Engineering Rotaxane-Based Nanoarchitectures via Topochemical Photo-Cross-Linking

Abstract

Polymerization of monomers included by macrocyclic hosts has been found as an efficient way to synthesize sophisticated rotaxane-based nanostructures, whereas such a process triggered by photon has received little coverage so far. Herein, a new diphenyldiacetylene (DPDA) derivative (compound 1) comprising viologen as a binding site toward cucurbit[7]uril (CB[7]) macroring, and isophthalate as a bulky stopper, was rationally designed and prepared.
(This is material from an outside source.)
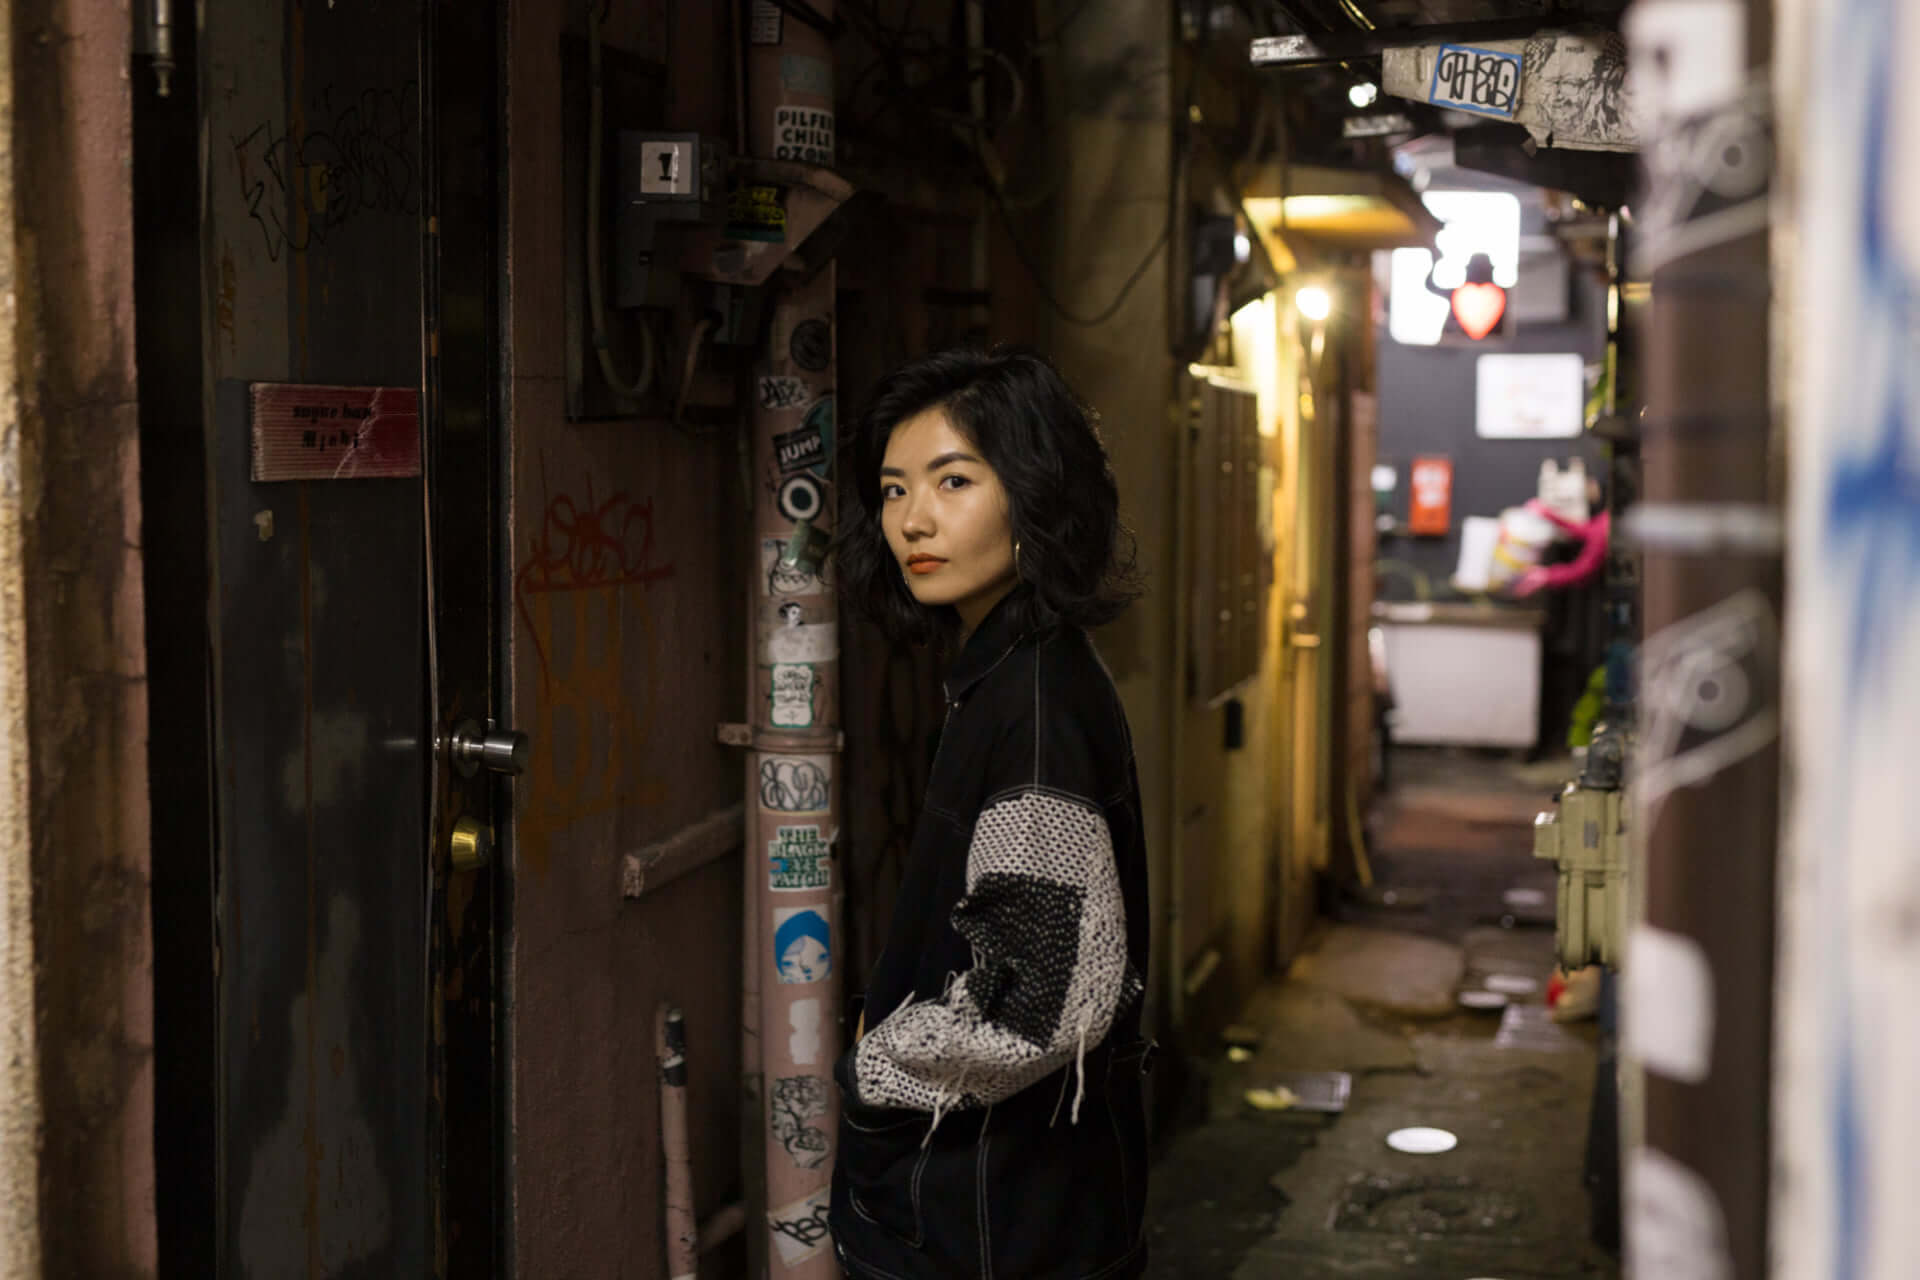 Akari Uragami インタビュー|UKのベースミュージックからカリフォルニアへ 自分と国境の揺らぐ存在を縛る。 interview181210-akariuragami-kewl-eita-1-1920x1280

After verifying the photo-cross-linking efficiency of compound 1 upon its regular self-assembly, we also achieved a straightforward construction of rotaxane-based nanoarchitecture 2 ⊂ CB[7] through an in situ photoirradiation on the corresponding pseudo[2]rotaxane 1 ⊂ CB[7]. Although the threading of CB[7] changed the self-assembly behavior of the DPDA derivative, the topochemical reaction could be definitely observed to afford the corresponding photo-cross-linked species. Such a process could be facilely indicated by distinctive photoluminescence enhancement on the basis of π-conjugated skeleton change of DPDA toward potential usage of rotaxane-based systems as smart optoelectronic materials. We anticipate this unique strategy will allow new visions for the synthesis and application of novel luminescent host–guest nanoarchitectures.